๐งต Untitled Thread
Anonymous at Sun, 30 Jun 2024 22:18:23 UTC No. 16262037
> be me
> looking into AGI startup
> ask the developer if their AGI is real or just a fancy wrapper for a chat model
> they don't understand
> pull out illustrated diagram explaining what is AGI and what is wrapper
> they laugh and say "it's a real AGI, sir"
> run evals
> it's just a fancy wrapper for a chat model
Anonymous at Sun, 30 Jun 2024 22:36:19 UTC No. 16262058
>>16262037
Real AI is centuries away
Anonymous at Sun, 30 Jun 2024 23:37:30 UTC No. 16262121
Frog thread bumped
Anonymous at Mon, 1 Jul 2024 00:08:58 UTC No. 16262146
I wish people would actually research pre chat model rlhf base models, they are so much better. Unfortunately using them requires talent so the skill floor is higher.
Anonymous at Mon, 1 Jul 2024 00:14:09 UTC No. 16262152
>>16262037
how about you go back to the 'ddit
Anonymous at Mon, 1 Jul 2024 00:36:23 UTC No. 16262170
Man what a shitty boring stale meme. Did you steal this from twitter?

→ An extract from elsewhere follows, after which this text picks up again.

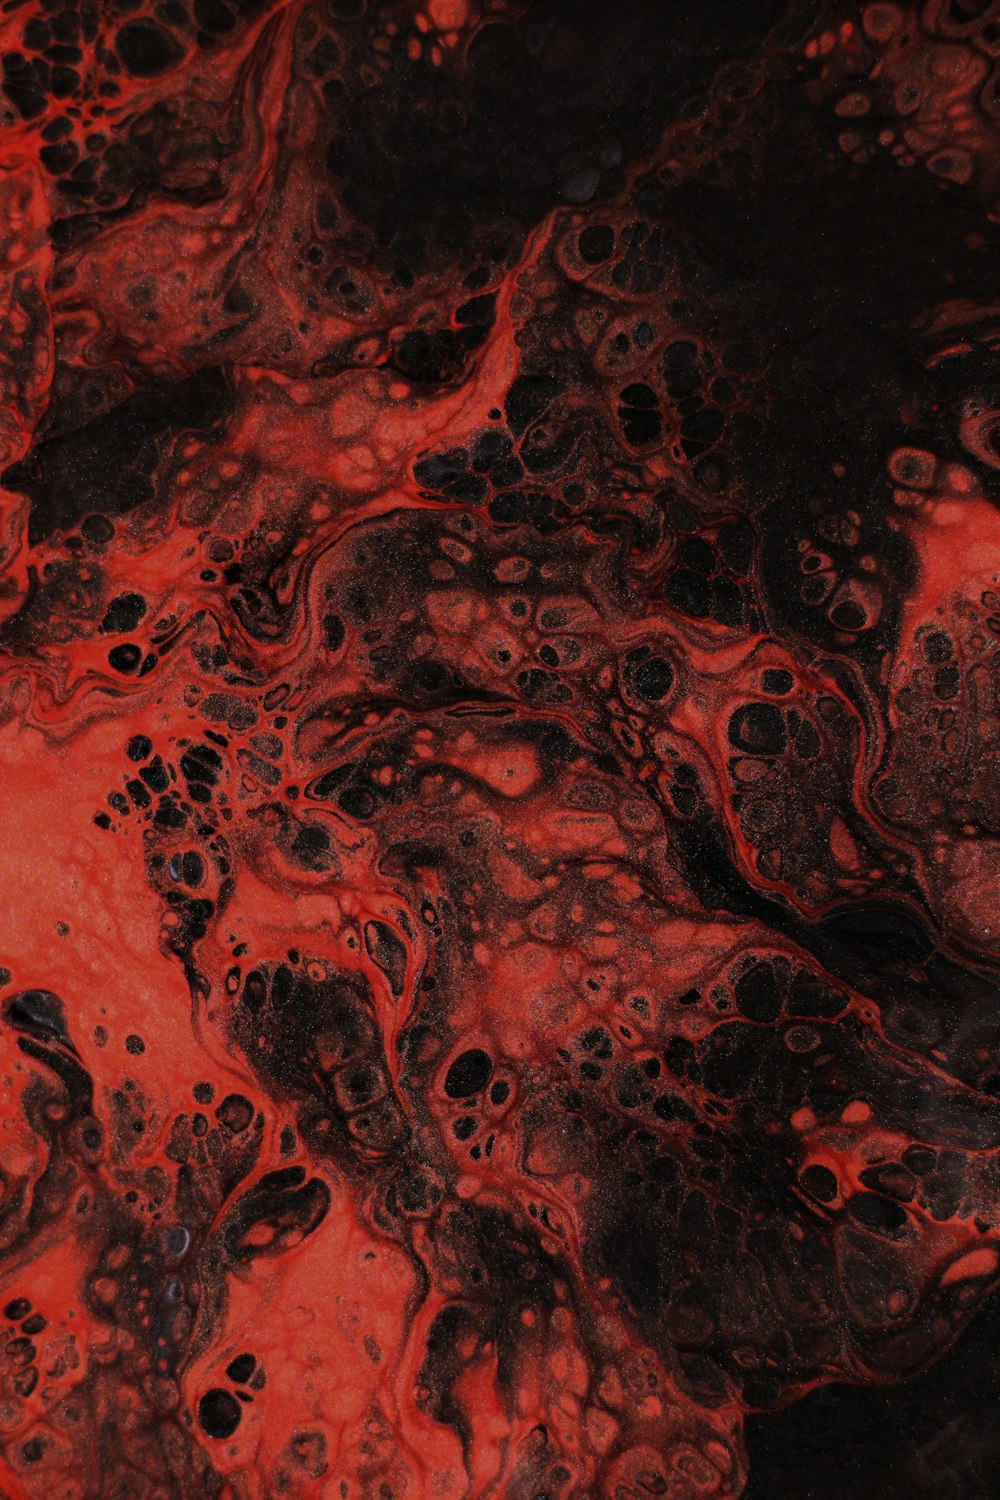 a close up of a red and black substance

Anonymous at Mon, 1 Jul 2024 03:36:57 UTC No. 16262379
>>16262146
got any good links or resources? i crave AI research that isn't just "perceptron but large"
Anonymous at Mon, 1 Jul 2024 03:54:22 UTC No. 16262403
>>16262379
no, anon, that's exactly what that still is. it's just modifying the training procedure. while more of a customization of the resulting probability distributions in the output than just feeding data in, it's still just regurgitating a probability function, just now with "reinforcement learning/human feedback" adjustments to it. perceptrons are basically the only architecture we can run or train efficiently, and have been for over half a century.
we actually know biological brains don't work like that, assuming neuron/synapse architecture is the "source" of intelligence. real brains have feedback paths and cyclical structures that perceptrons lack (between each perceptron layer is a complete bipartite digraph that only moves in one direction; there's no way for information to move anywhere but to the outputs - no, backpropagation isn't the same thing, that's a process outside the perceptron to adjust the weights during training), and we legitimately have no idea how to train artificial neural nets with cyclic subgraphs efficiently like we do with perceptrons. we also have no idea how to train even perceptrons in real time. and we've been stuck there for half a century.